◆ **Dataset content**:
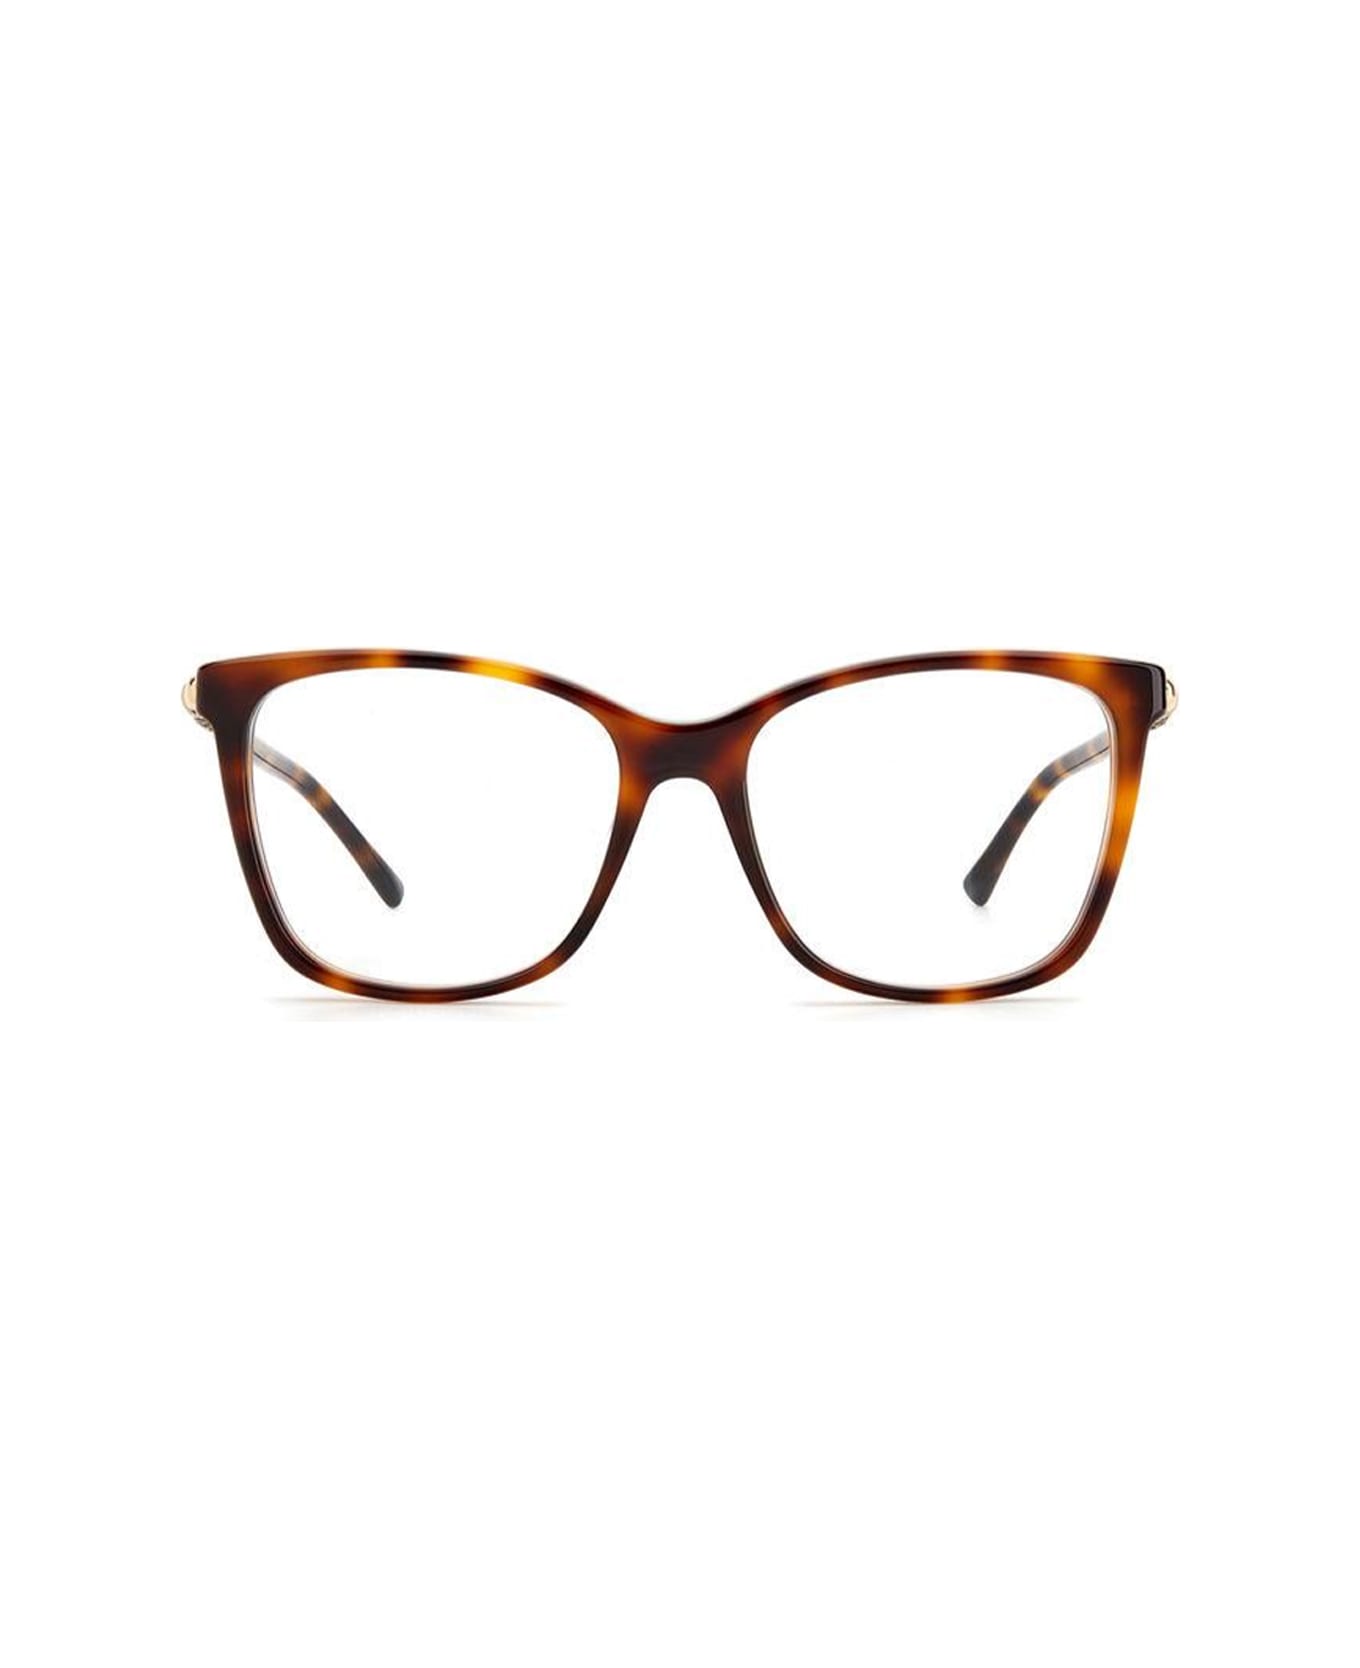 Jimmy Choo Eyewear Jc294/g 086/17 Glasses - Marrone アイウェア
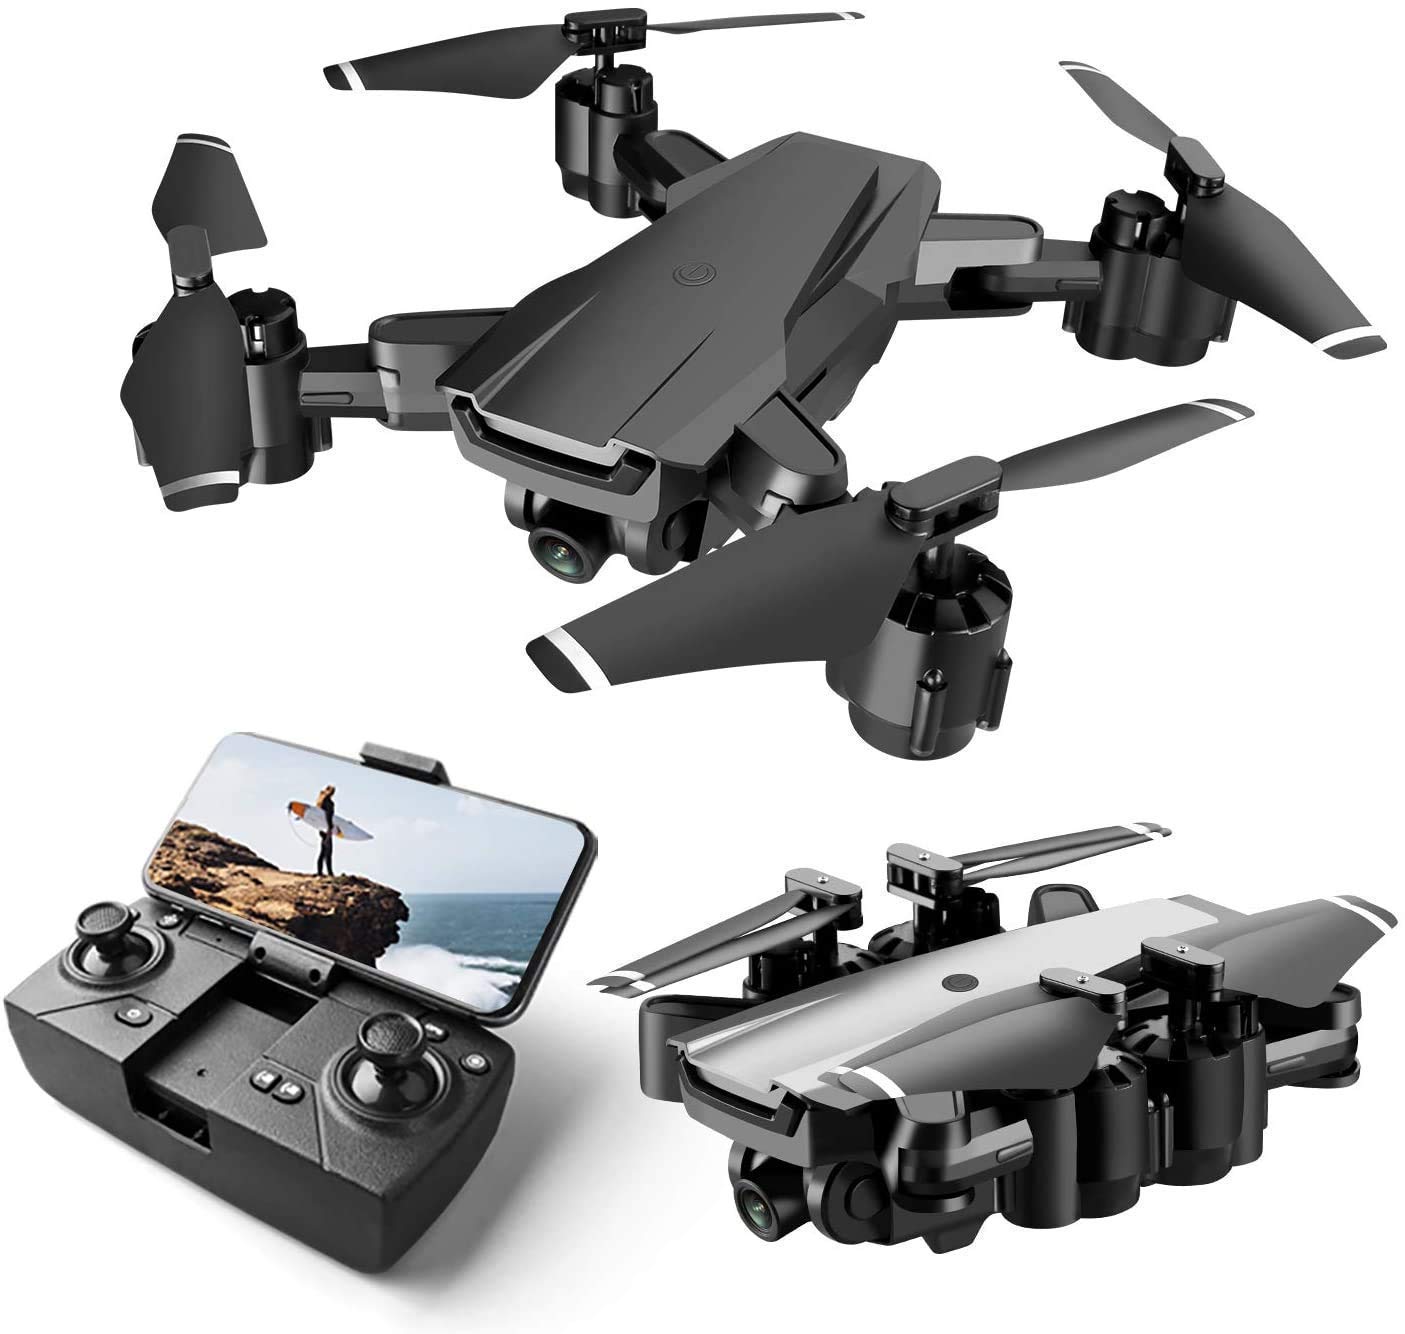 NDI 480p drone
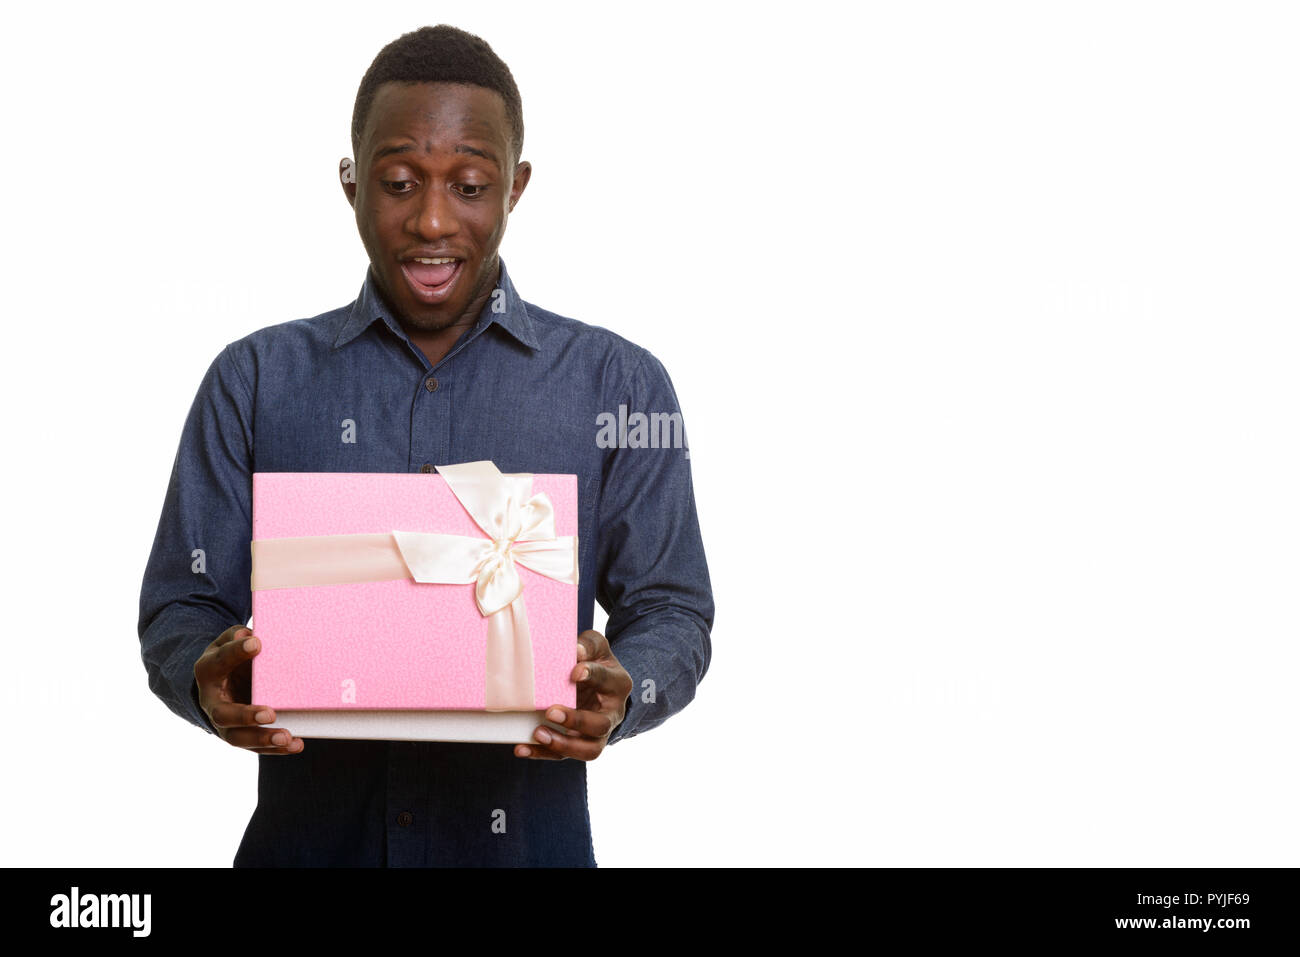 Les jeunes professionnels African man smiling et ouverture de boîte-cadeau Banque D'Images

◆ **What this task involves**: Retype the data exactly; images stay out.

◆ **Written response**:
 Jimmy Choo Eyewear Jc294/g 086/17 Glasses - Marrone アイウェア
 NDI 480p drone
 Les jeunes professionnels African man smiling et ouverture de boîte-cadeau Banque D'Images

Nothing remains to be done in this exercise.